Normally in Perl 6, only roles are allowed to be parametric. Here, we'll be attempting to make classes, a kind (referred to from here on out as a metaobject) that isn't normally allowed to be parametric, parametric.
If you try to make a class parametric the naive way, this happens:
bastille% perl6 -e 'class Foo[::T] {}'
===SORRY!=== Error while compiling -e
Unable to parse class definition
at -e:1
------> class Foo⏏[::T] {}
expecting any of:
generic role
But if you take a look at what metaobject the CArray type from NativeCall uses, you'll find that it's in fact a class, not a role, yet it's still parametric!
bastille% perl6 -MNativeCall -e 'say CArray[int32].HOW.^name'
Perl6::Metamodel::ClassHOW+{<anon>}+{<anon>}
How is this done?

Making classes parametric takes a little bit of metaprogramming to accomplish.

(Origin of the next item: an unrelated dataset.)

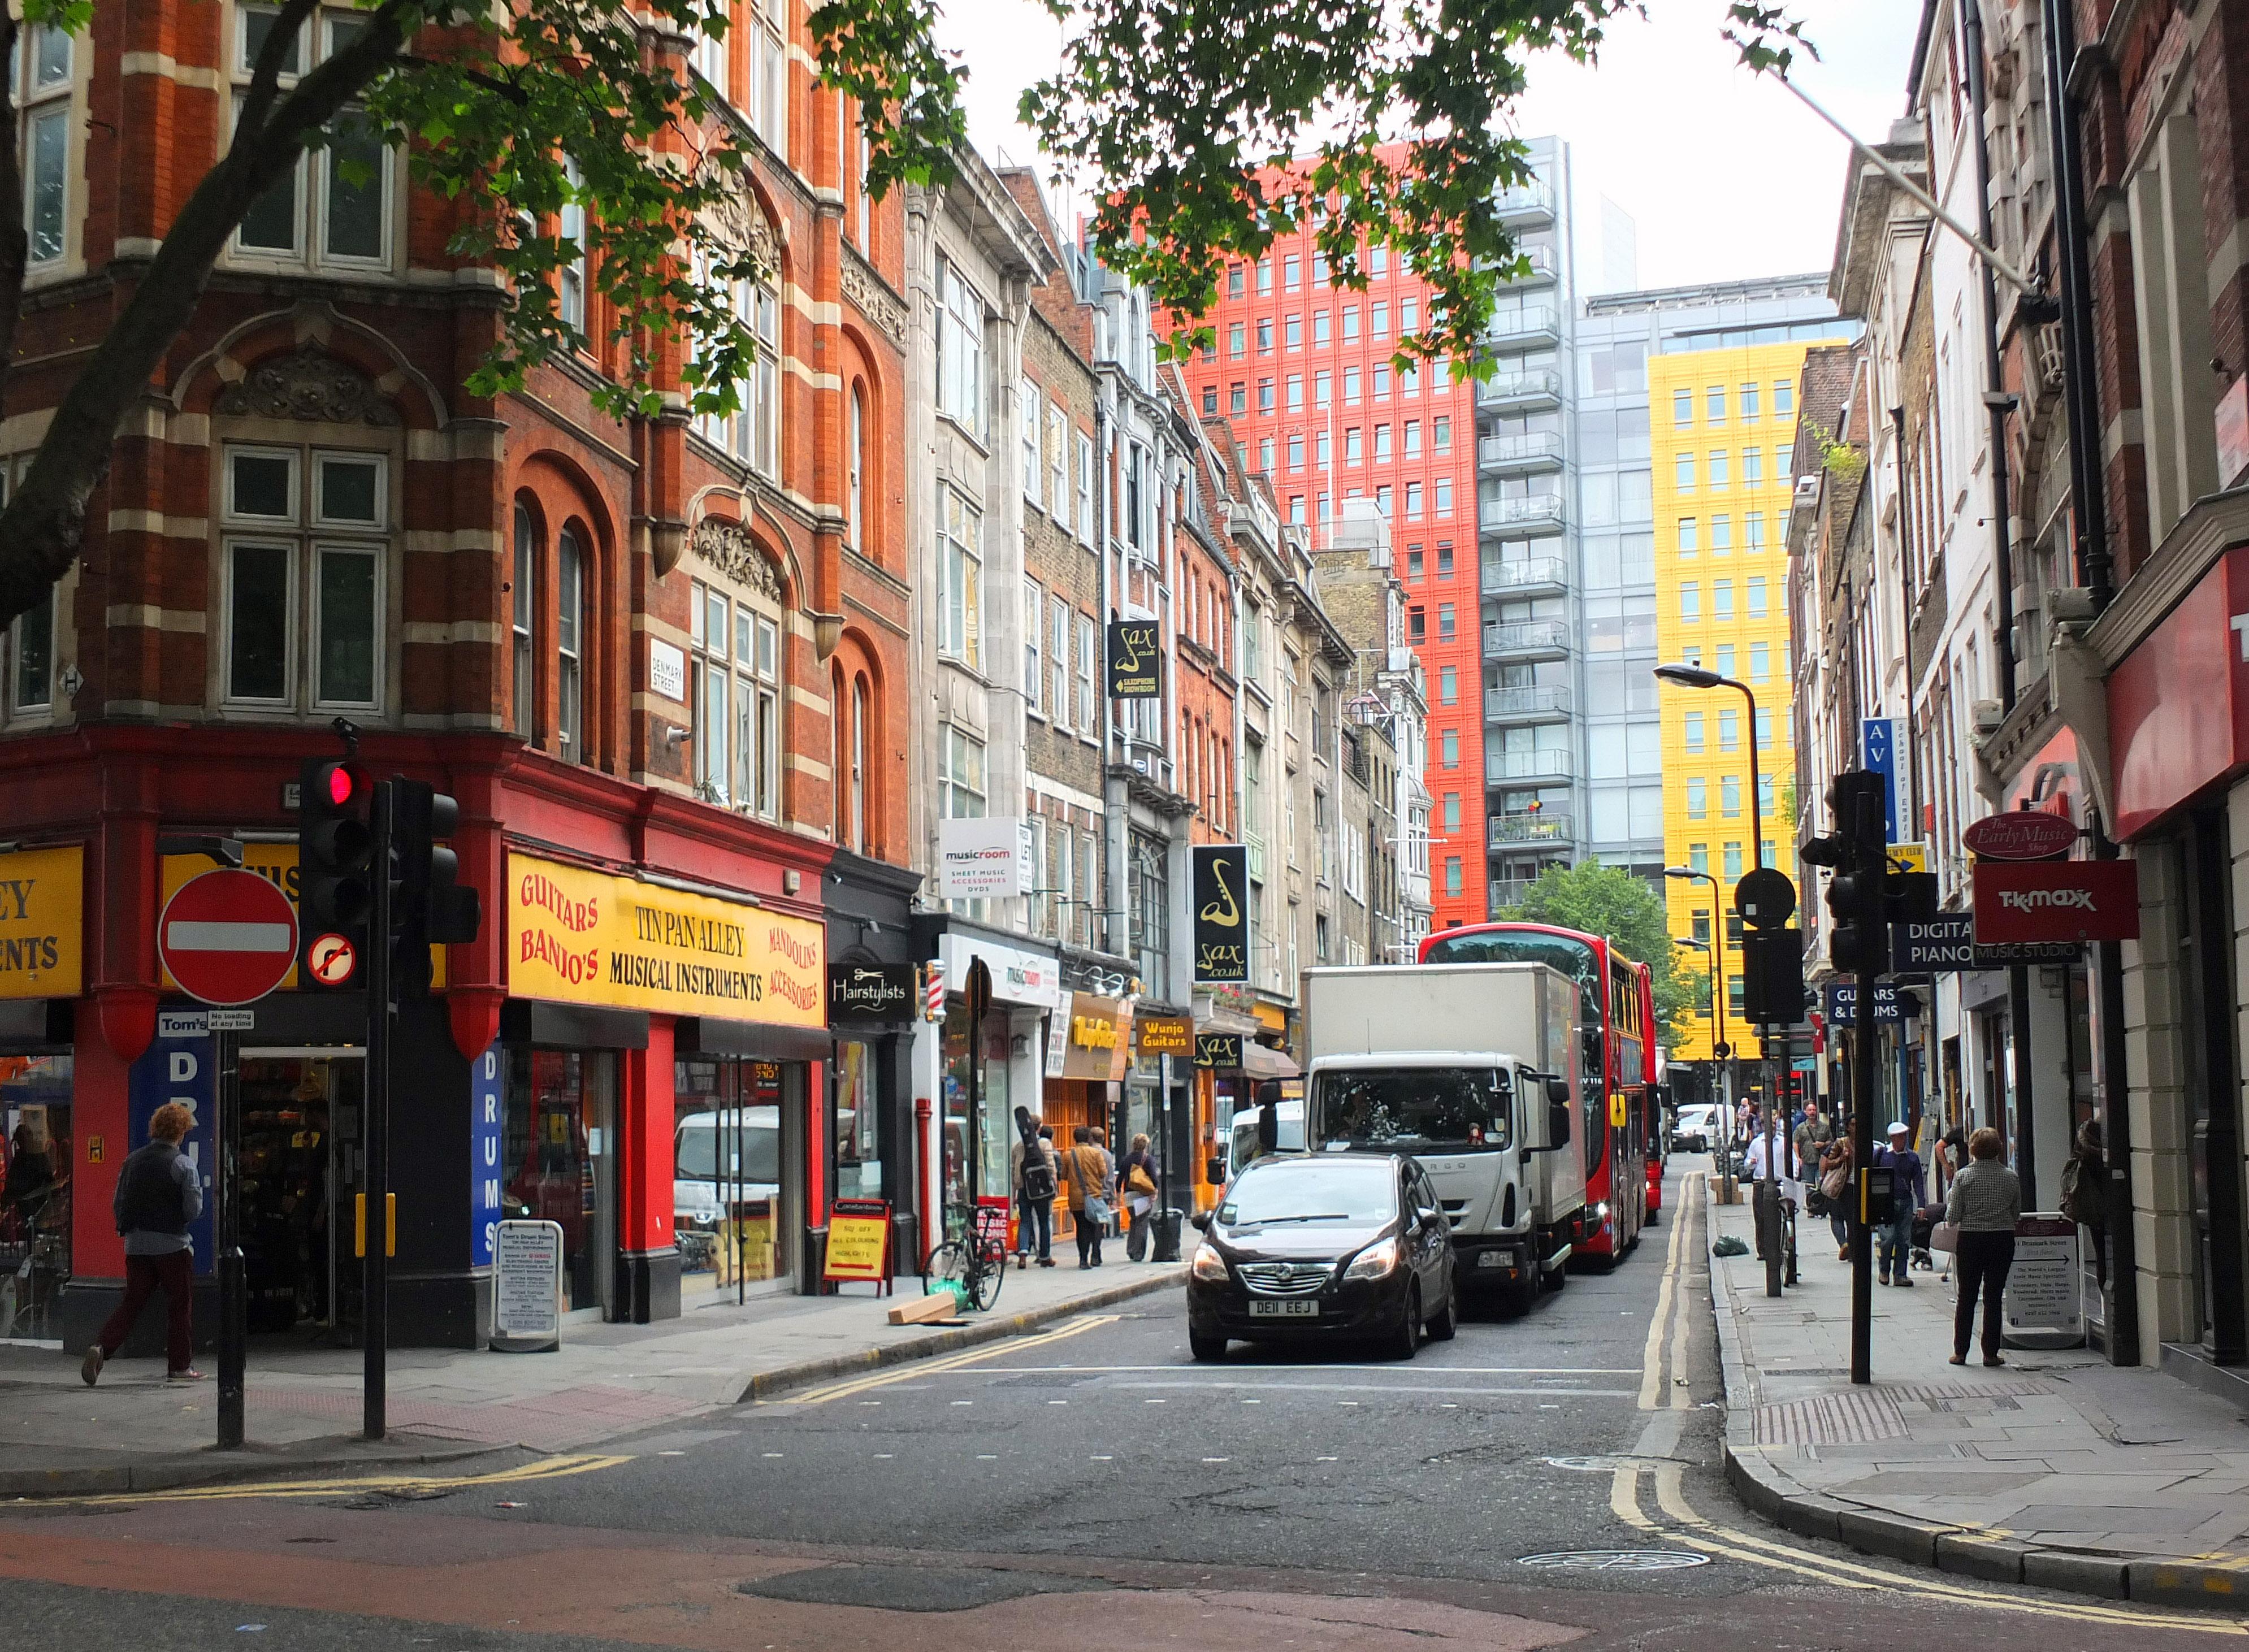 Denmark Street as seen from Charing Cross Road

A simple parametric container class can be implemented like so:
use v6.d;
class Container {
my role ContainerImpl[::T] {
has T $.value;
method new(Container: T $value) {
self.bless: :$value
}
multi method gist(Container:D: --> Str:D) {
$!value.gist
}
multi method Str (Container:D: --> Str:D) {
$!value.Str
}
multi method perl(Container:D: --> Str:D) {
self.^name ~ '.new(' ~ $!value.perl ~ ')'
}
}
method ^parameterize(Mu:U \this, Mu \T) {
my $type := this.^mixin: ContainerImpl[T];
$type.^set_name: this.^name ~ '[' ~ T.^name ~ ']';
$type
}
}
say Container[Int].new(1).perl;
# OUTPUT: Container[Int].new(1)
So how does this work?
Metaclasses that do the Perl6::Metamodel::MetaMethodContainer role, such as Perl6::Metamodel::ClassHOW, can have additional metamethods mixed in with the type's knowhow (which describes how a specific kind of type, such as a class or role, behaves). Rakudo's grammar invokes the parameterize metamethod on any given type with the parametric type and any parameterized types as arguments when parsing a type's name. Normally, types that are parametric are supposed to implement the parametric archetype, but this doesn't get checked here, which allows any type to be parameterized as long as it implements a parameterize metamethod.
The mixin metamethod is specific to the Perl6::Metamodel::Mixins role, which Perl6::Metamodel::ClassHOW also does. The method mixes in a role by reblessing the class so it's considered to be the same type as the (parameterized in this case) role passed to it.
Combining the parameterize and mixin metamethods allows you to implement parametric behaviour in a role, then use it in a class by parameterizing it before mixing it in. This allows the class to behave as if it actually were a parametric type, even though it's still technically not one.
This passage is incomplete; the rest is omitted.